Peygamber Aleyhisselâm kâfirlere kendi kılıcıyla vurup, onları öldürürdü; Hâtemü'l-velî de onlara bâtında, kendi kalemiyle vurur ve onları helâk eder. Böylelikle Allah onu, Zât'ıyla mukâbelede bulunan bir 'kılıç' kılar.
Allah-u Teâlâ'nın kılıcı ikidir:
'Din kılıcı' ki, Muhammed Aleyhisselâm'ın izinde bulunmaktır. O kılıç, din ehlinin kendisiyle ayakta durduğu; şirk, şek (şüphe) ve tahmin ehlinin boyunlarının kendisiyle vurulduğu kılıçtır.
'Yakîn kılıcı' ise 'Kibriyâ kılıcı'dır ki; Kudsî ruh'tan sür'atle 'Hâtemü'l-evliyâ'ya ulaşır. Bu kılıç ise; 'Temkîn ehli'nin kendisiyle ayakta durduğu, alâkaların ve mel'un (şeytan)ın vesveselerinin kendisiyle kesilip koptuğu, din kâfirlerinin ruhlarının Zât'ıyla katlolunduğu bir kılıçtır.

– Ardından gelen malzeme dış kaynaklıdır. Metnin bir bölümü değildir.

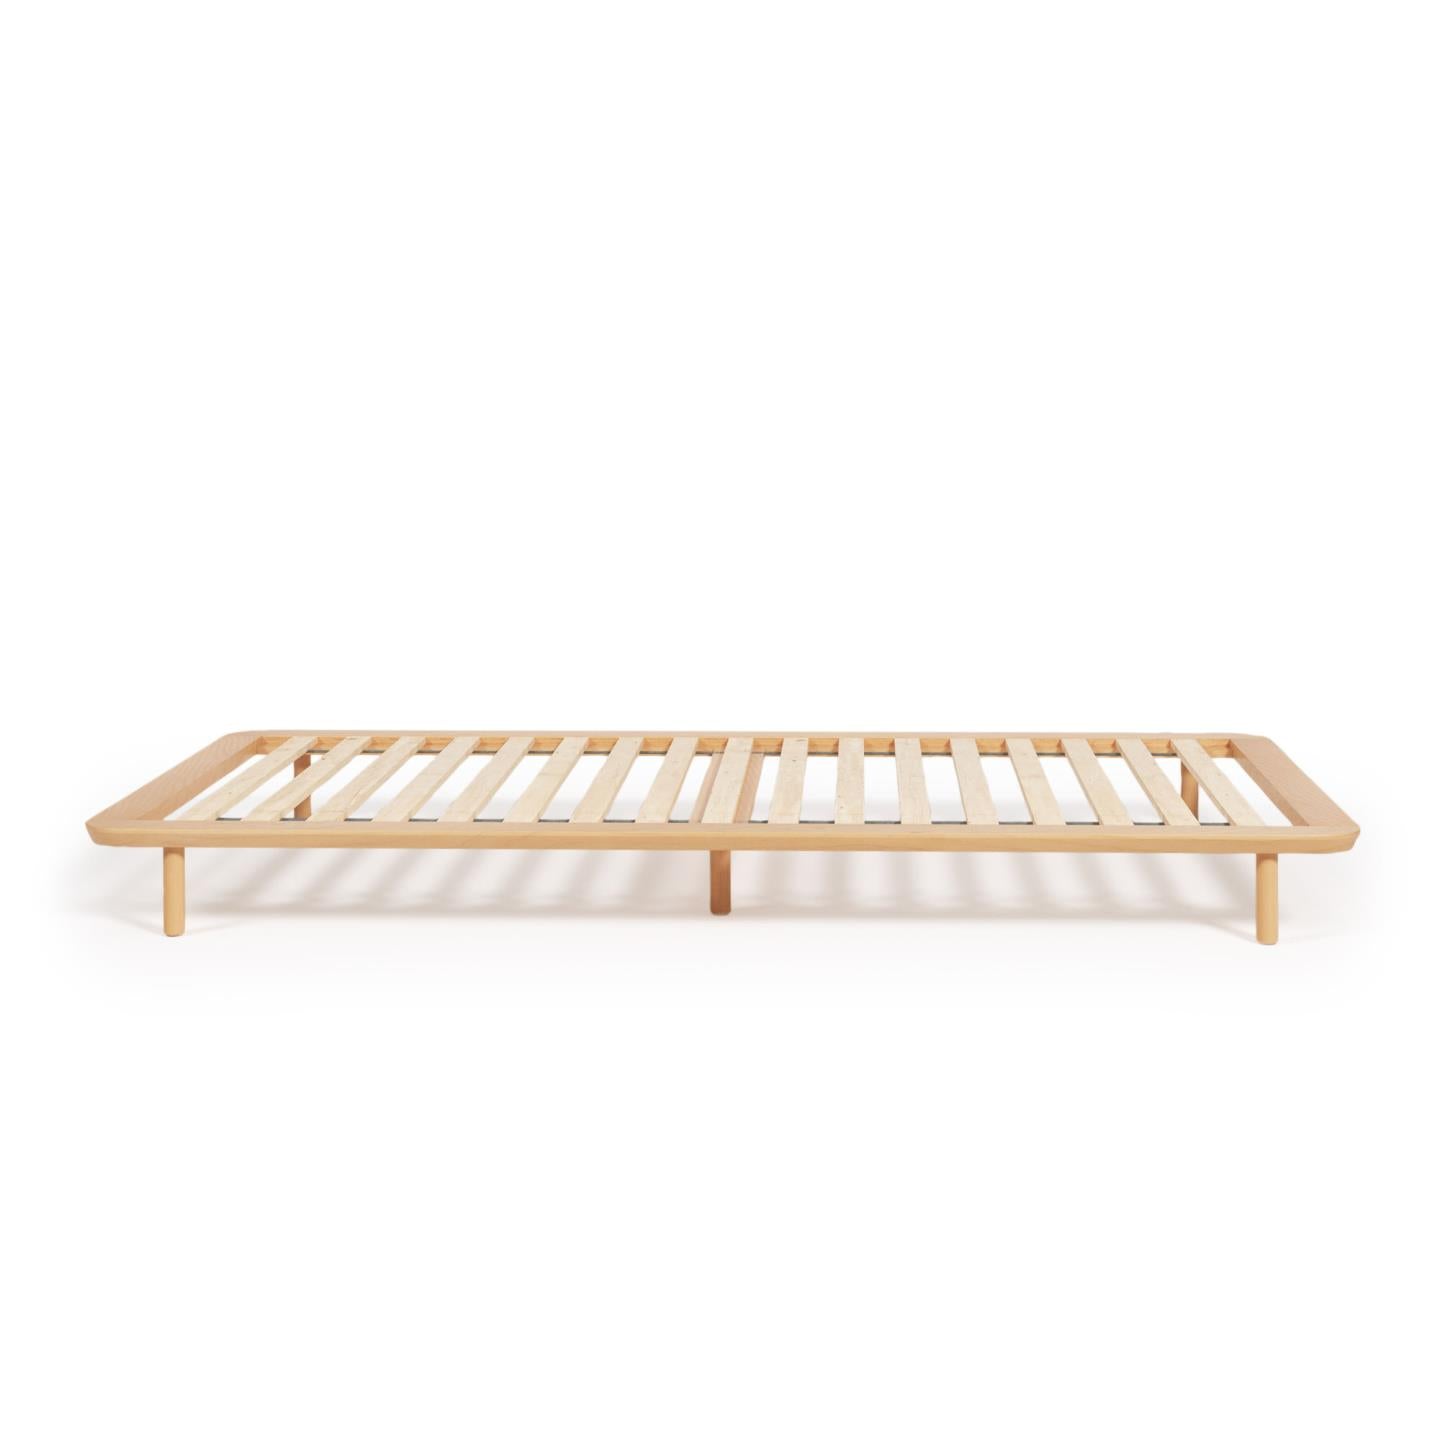 Anielle bed made from solid ash wood for a 90 x 200 cm mattress
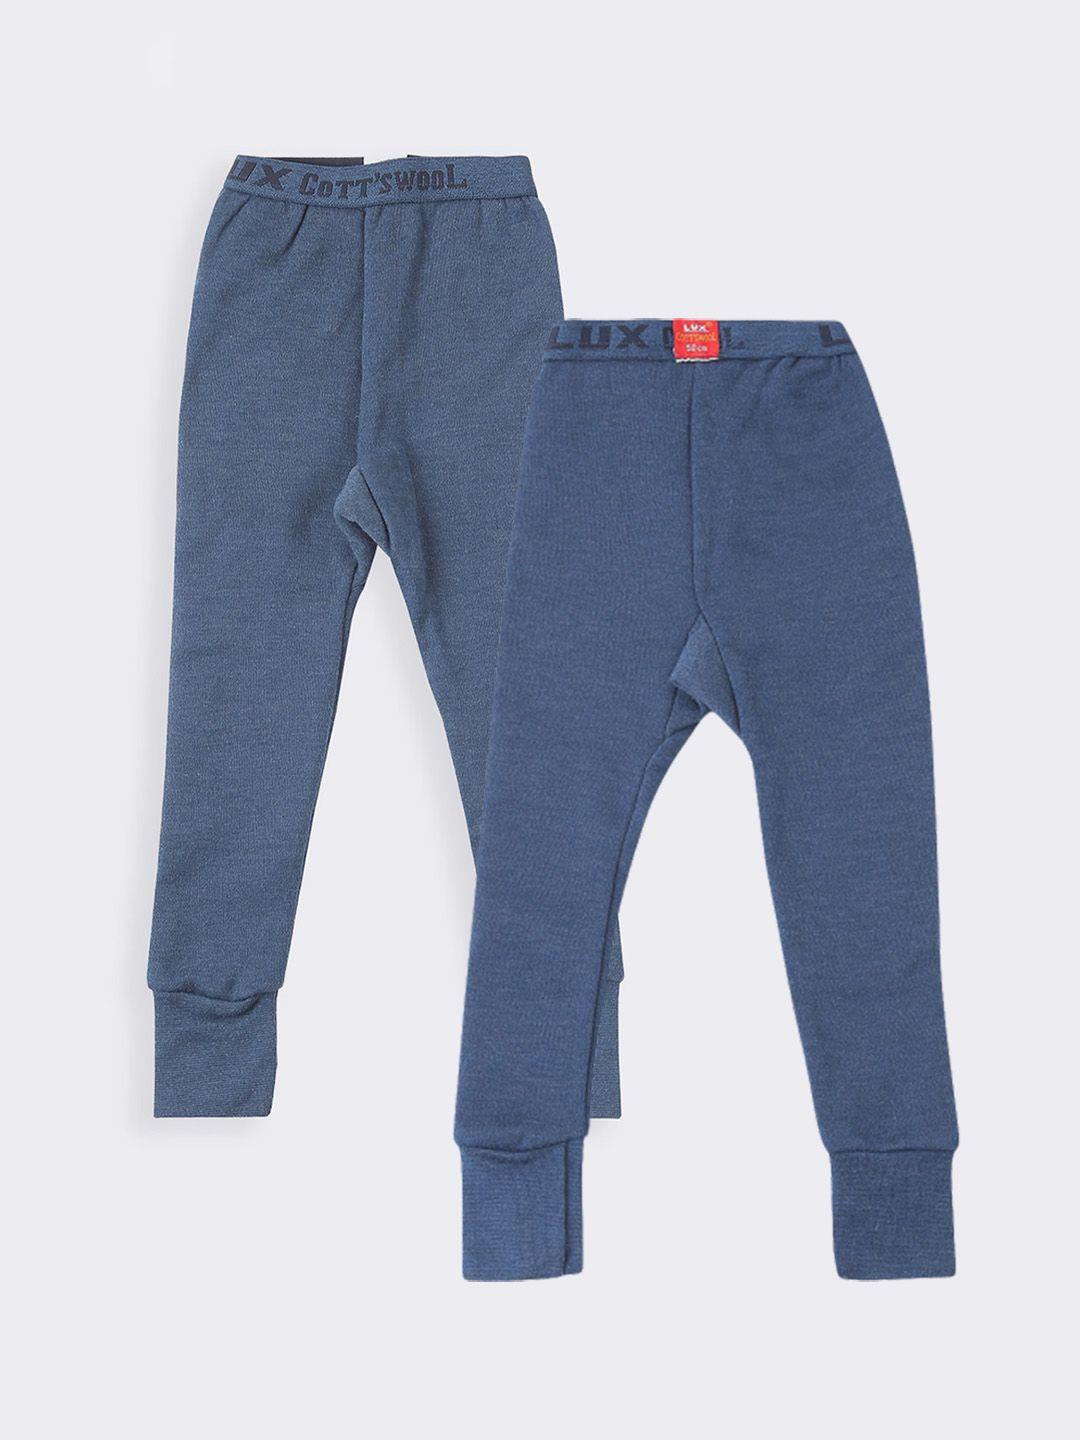 lux-cottswool-boys-pack-of-2-blue-solid-cotton-thermal-bottoms

Yakınlığın incelikleriyle onlardan sıyrılıp çıkarılan müminlerin ruhlarının cemaati içinde Allah, onları katlettiği din kılıcını Hâtemü'l-enbiyâ'ya has kılmış ve şeytanın nüfûzundan selâmete erişen Yakîn erbâbı'na mîras bırakmıştır." ("Risâle fî Zuhûr-ı Hâtemü'l-Velâye", Süleymâniye Kütüphânesi, Ayasofya, nr.: 2058, vr. 207b)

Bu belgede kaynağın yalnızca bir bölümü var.